Pinaria woke. She did so suddenly, with a jarring sense of dislocation in time and space.
Where was she? Blinking, she realized that she was in the Temple of Vesta. She felt a stab of panic. Had she fallen asleep while tending the sacred flame? She looked at the hearth. It was cold and dark, the fire extinguished! Her heart raced and she felt lightheaded, then she remembered: The Gauls were coming. The flame had been removed so that it could be carried to safety.
She sensed that many hours had passed since she entered the temple. The murmur of the crowd no longer penetrated the heavy doors; no sound at all came from outside. It was not nighttime; bright sunlight leaked in from the narrow gap beneath the doors.

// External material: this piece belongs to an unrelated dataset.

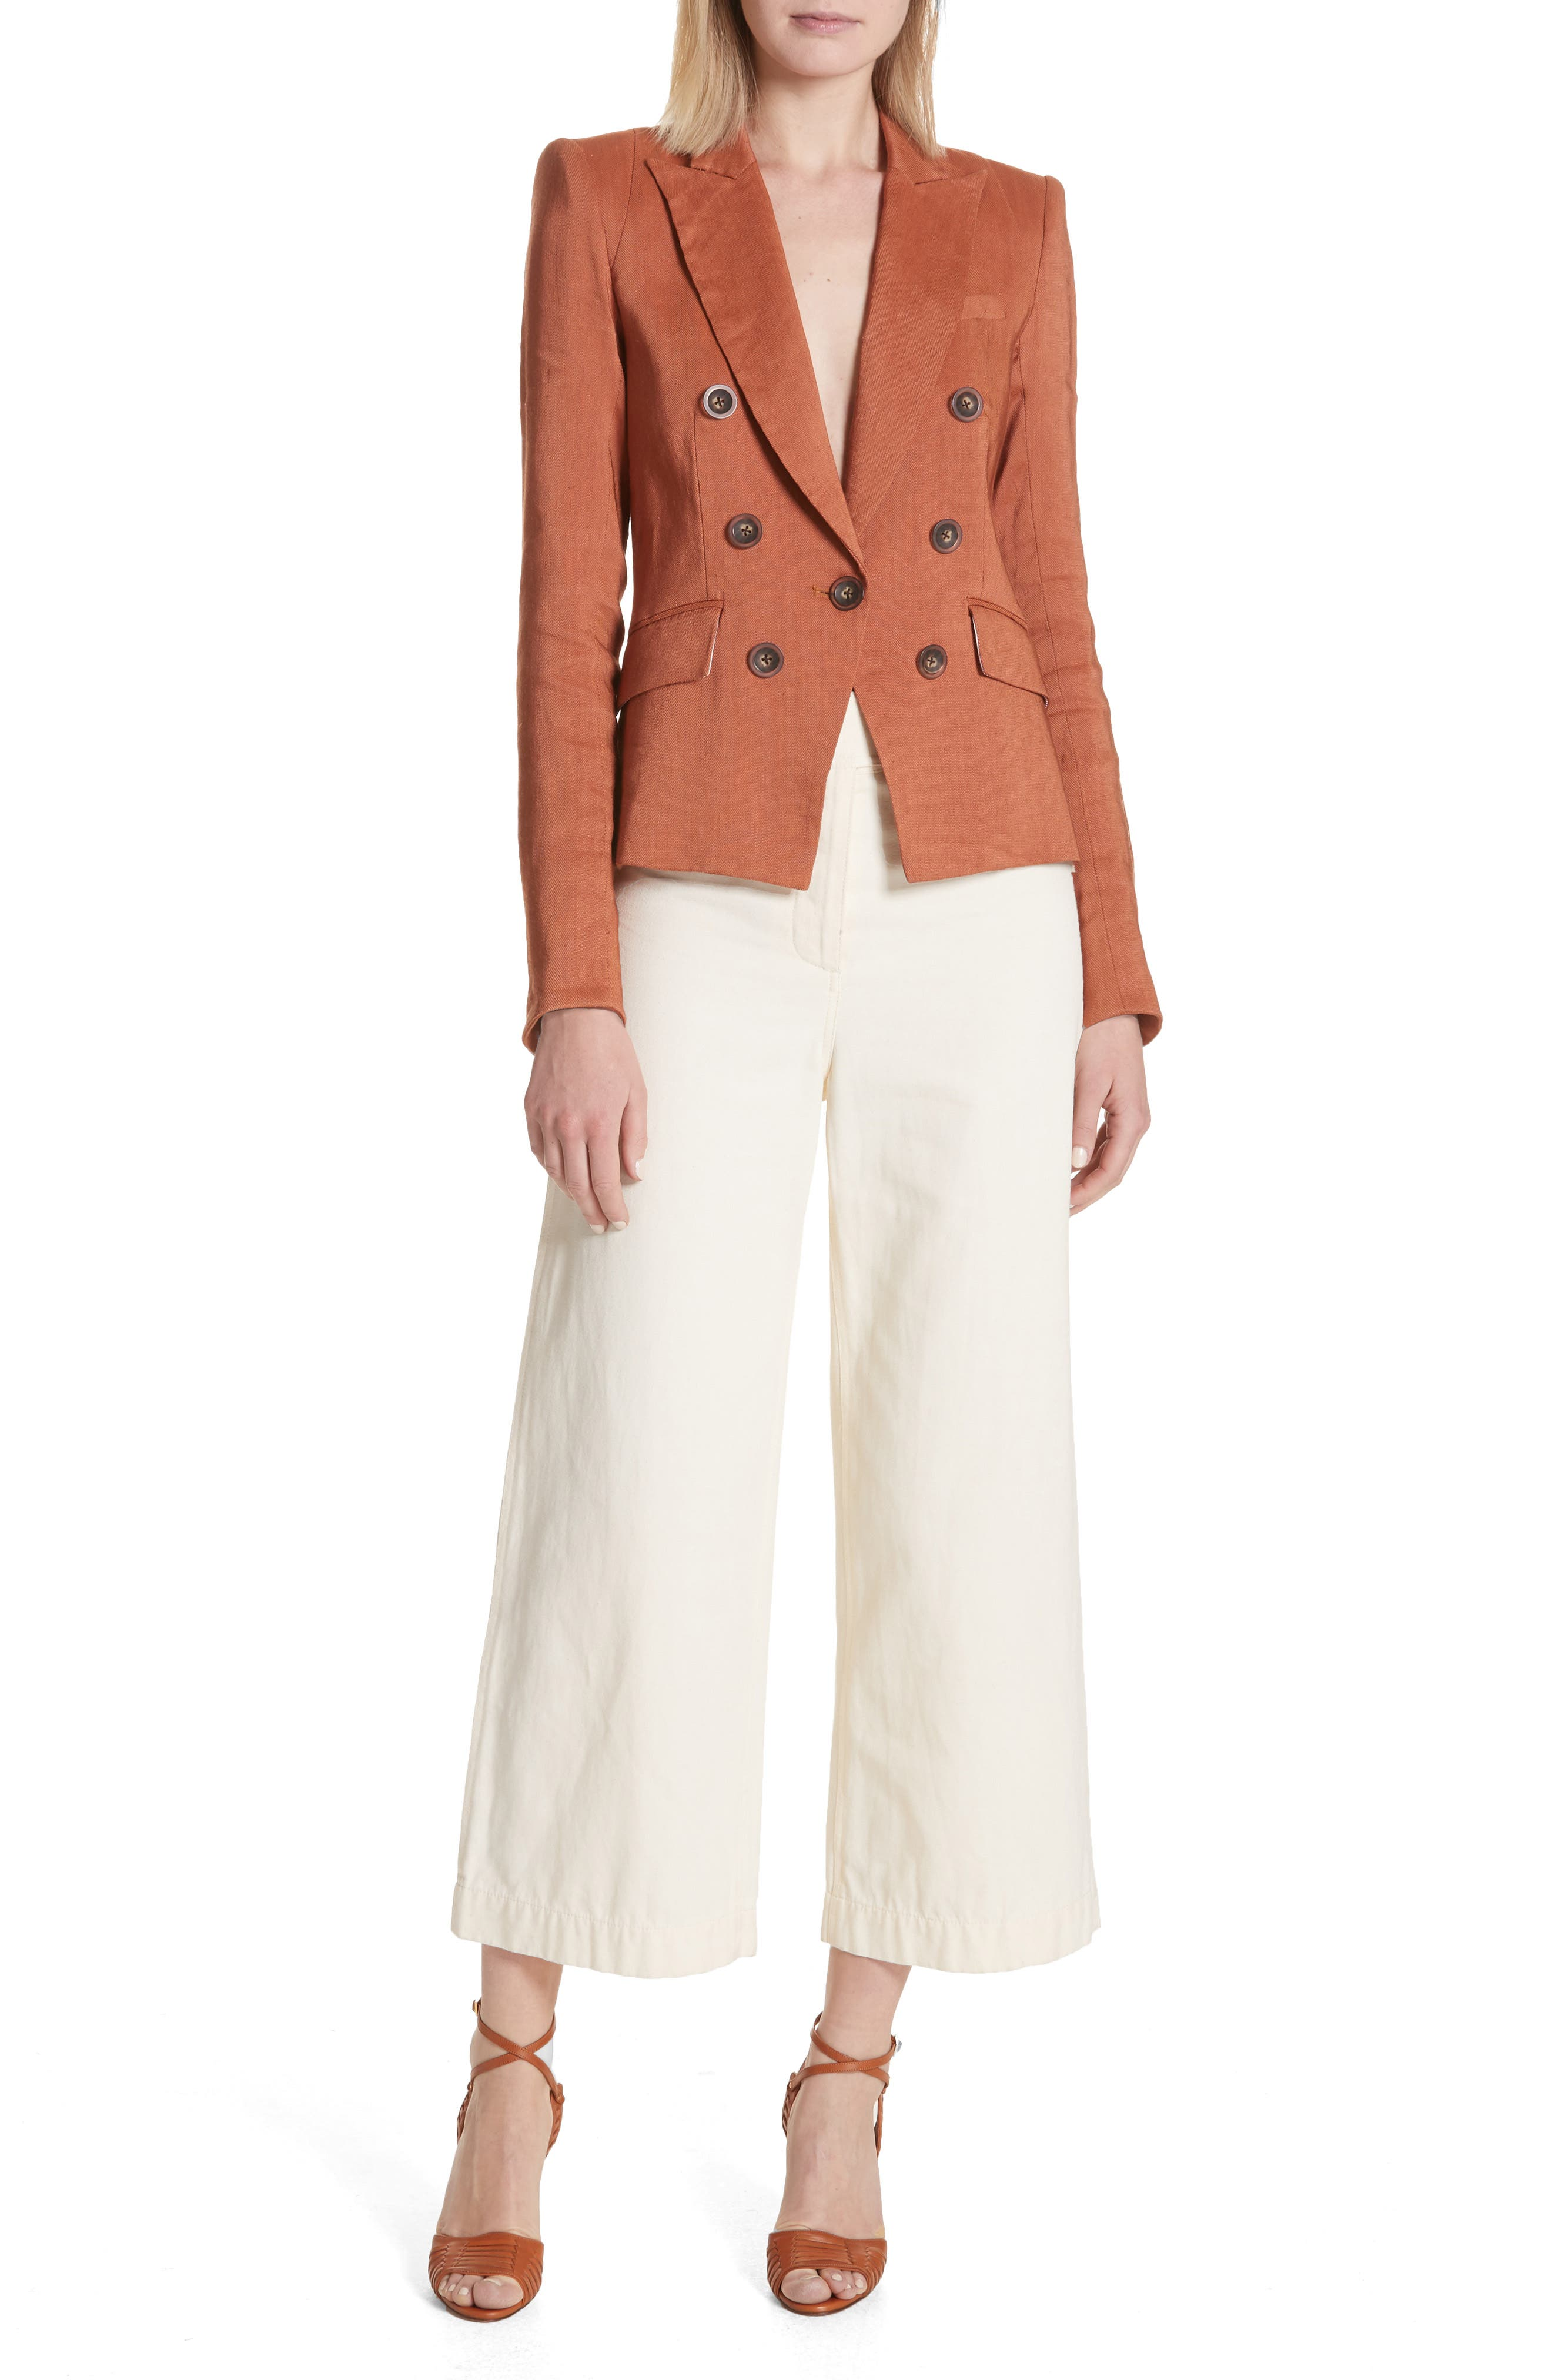 Caymen Cotton Gaucho Pants,                             Alternate thumbnail 8, color,                             Natural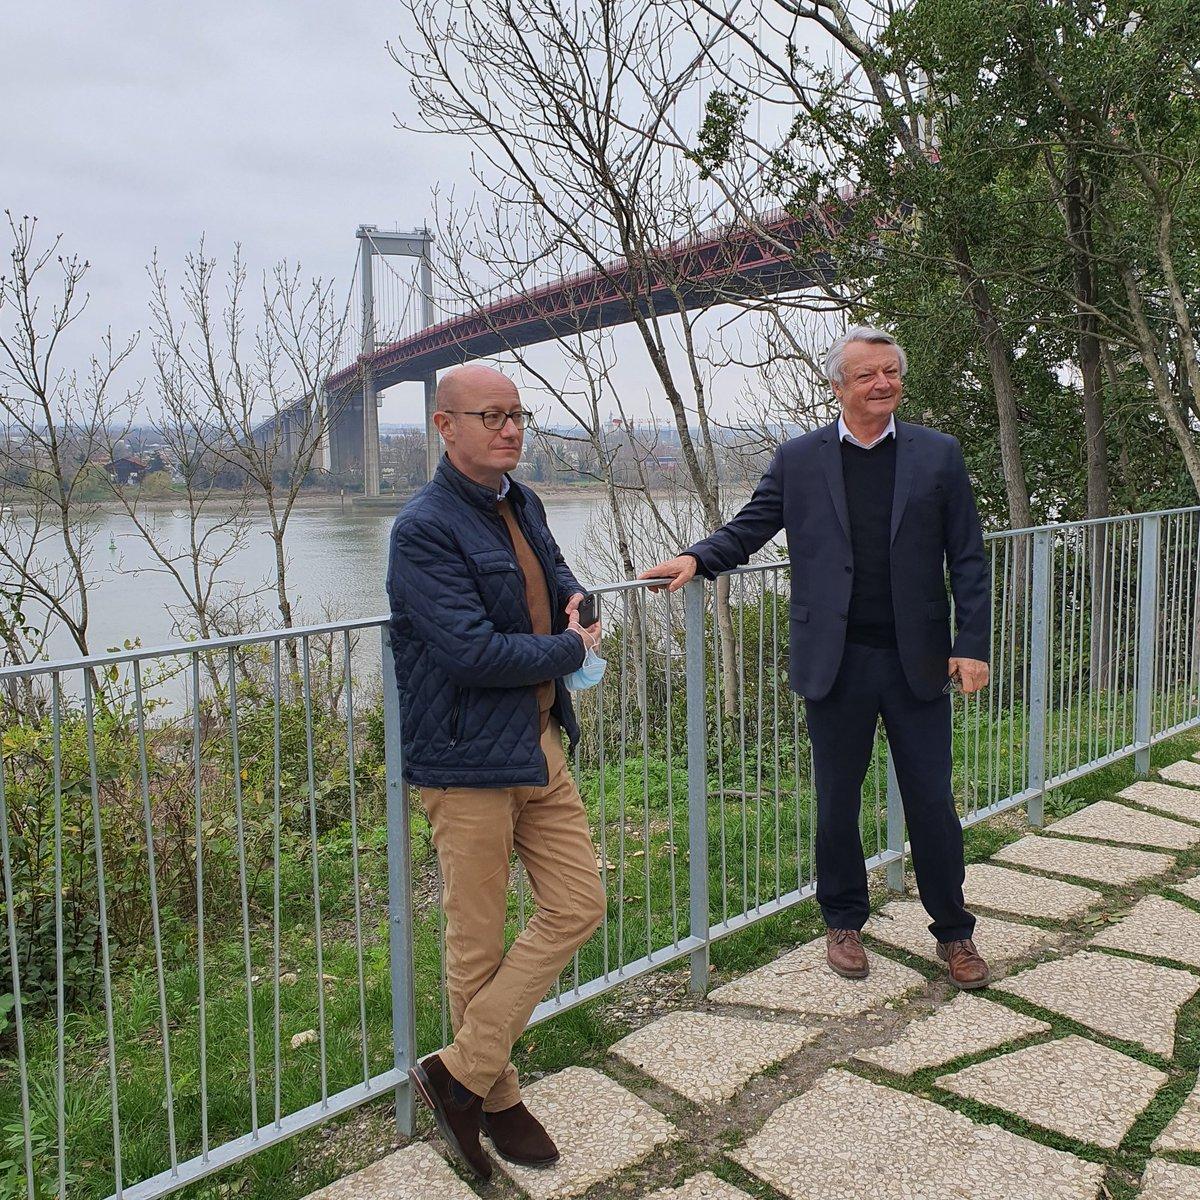 Aujourd'hui, le président du département de la @gironde était en visite à #Lormont avec le maire, Jean Touzeau, pour soutenir les actions #culture et #nature menées par la ville. #Gironde #visite #rencontre #echanges #NouvelleAquitaine https://t.co/VuwpCBjprl

Pinaria opened the doors and shielded her eyes, dazzled by bright morning light. The hand of Somnus must have been very heavy upon her, to make her sleep from one day’s light until the next.
Morpheus had visited her as well, for now she remembered a dream that had haunted her sleep. Foslia was in the dream, nattering on and on, showing off her erudition. Everything she said irritated Pinaria and made her more distressed…
“Romulus walked on foot for his triumphs. Do you suppose Brennus will ride a quadriga through Roma, like Camillus? I wonder if Brennus is as handsome…”
There was more, though in the dream Pinaria protested and tried to stop her ears.
“The Trojan women were taken as slaves. Do you suppose we Vestals will become slaves? I don’t imagine the Gauls will allow us to remain virgins for long…”
And though Pinaria howled in protest, still Foslia continued, determined to show off her irrefutable religious logic.
“No city is conquered unless its people have offended the gods. Killing or enslaving the inhabitants of a conquered city pleases the gods. Now the Gauls have conquered Roma. What do you think that means, Pinaria? What does it say about Roma?”
What a terrible nightmare! Pinaria shivered, despite the warmth of the day. As she descended the steps and looked around her, what she saw was as disquieting as the dream, and just as strange.
The street was littered with castoff items, all the things that people had thought they could carry while they fled but had abandoned when panic or common sense overcame them: pieces of pottery, sacks full of clothing, boxes stuffed with trinkets and mementos, toys made of wood or straw, even chairs and small tripod tables. Forsaken wagons and handcarts had been knocked on their sides, with their contents strewn beside them.
Not a single person was to be seen, nor the sound of a single voice to be heard. Pinaria had lived her whole life in the city; she was used to its teeming energy, its loud, brash crowds. To see the city without people was bizarre. Roma was like an empty shell. It was like a tomb without a body.
Even the gods were gone. Before fleeing, the Romans had stripped their temples of every sacred object. The hearthfire of Vesta, statues of the gods, sacred talismans of the kings, the Sibylline Books—all been taken away for safekeeping or buried in secret places throughout the city. Only Somnus and Morpheus remained; perhaps they hovered over her still, for Pinaria felt as though she were walking through the strange, unreal landscape of a nightmare.
She wandered about the Forum, sometimes startled by the echo of her footsteps in the empty public spaces. Rounding a corner, she drew a sharp breath. She was not alone, after all. On a backless chair before the entrance to his official residence sat the Pontifex Maximus. He heard her gasp, gave a start and turned his head, as surprised to see her as she was to see him.